If a child in the USA takes an Aspirin to school, they could face suspension / expulsion for violating Drug policy.

If a child takes a G.I. Joe doll to school and G.I. Joe has his tiny plastic gun, he could face suspension/expulsion for bringing a gun to school, even though it is clearly a TOY GUN.

etc etc

I am always amazed by these kind of incidents but there seems to be something about the USA that encourages them.

When I was at school (in the UK) we had none of the rules that you mention regarding toy guns and medicine. We also didn't have a drink, drug or violence problem. I can't remember ever having heard of children being involved with guns at any school in the UK. There have been school shootings but it has always been adults firing the gun (as far as I can remember).

Is there really such a problem in American schools that random locker searches and punishments for trivial "crimes", like bringing an iPod to school, are needed? Perhaps rebelling against this overbearing authority is what leads some kids to wear revealing clothes?

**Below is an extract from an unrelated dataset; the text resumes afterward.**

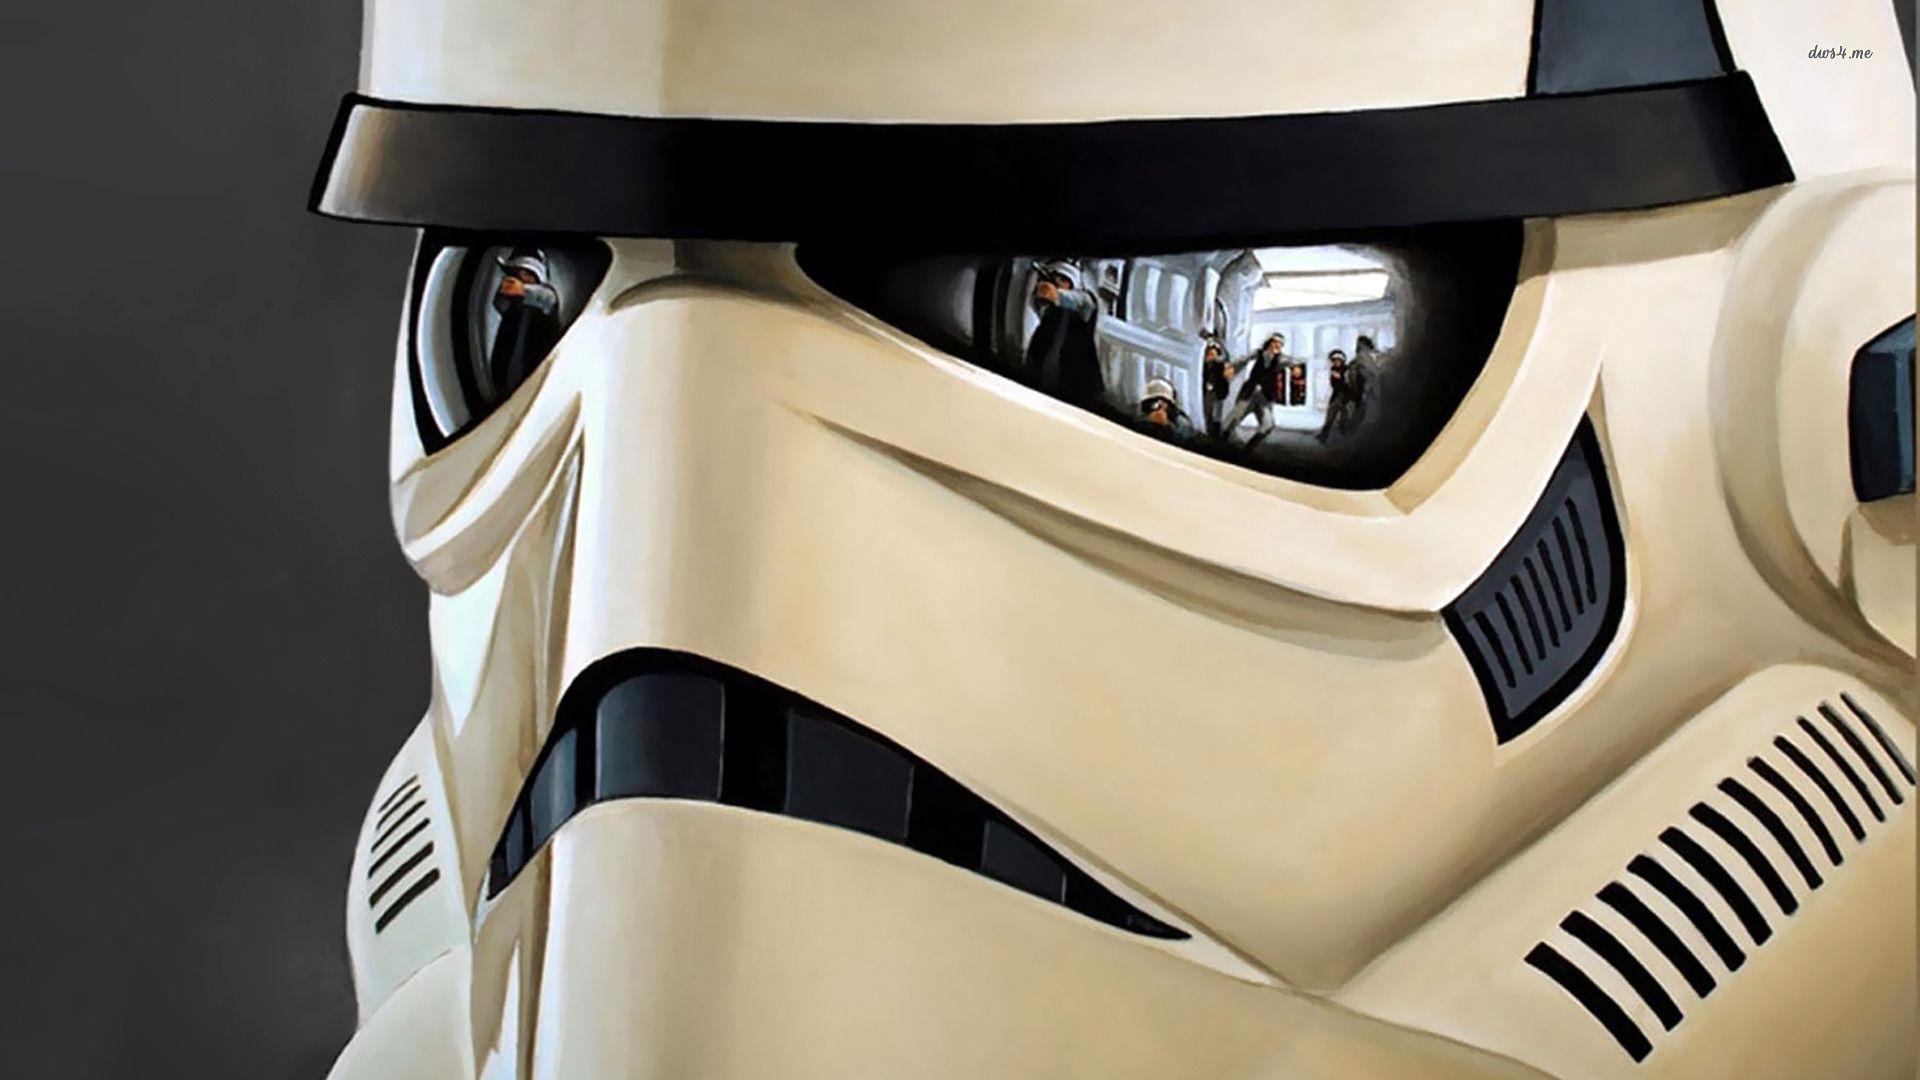 Stormtrooper Wallpapers - Album on Imgur

Also, being told to do things by your parents is generally seen as being uncool. No matter how cool the clothing that you suggest actually is it is probably a little tainted just because it is your recommendation. Nobody wants to dress like their parents. Other than school uniforms (which are mandatory in most UK schools) I was never told what not to wear when I was young and I have always chosen to wear sensible clothes.

I don't know if this is actually the cause, I am just throwing it out there. I may also be wide of the mark with my impressions of America, this is just the impression that I get from watching the news and from what people have said here.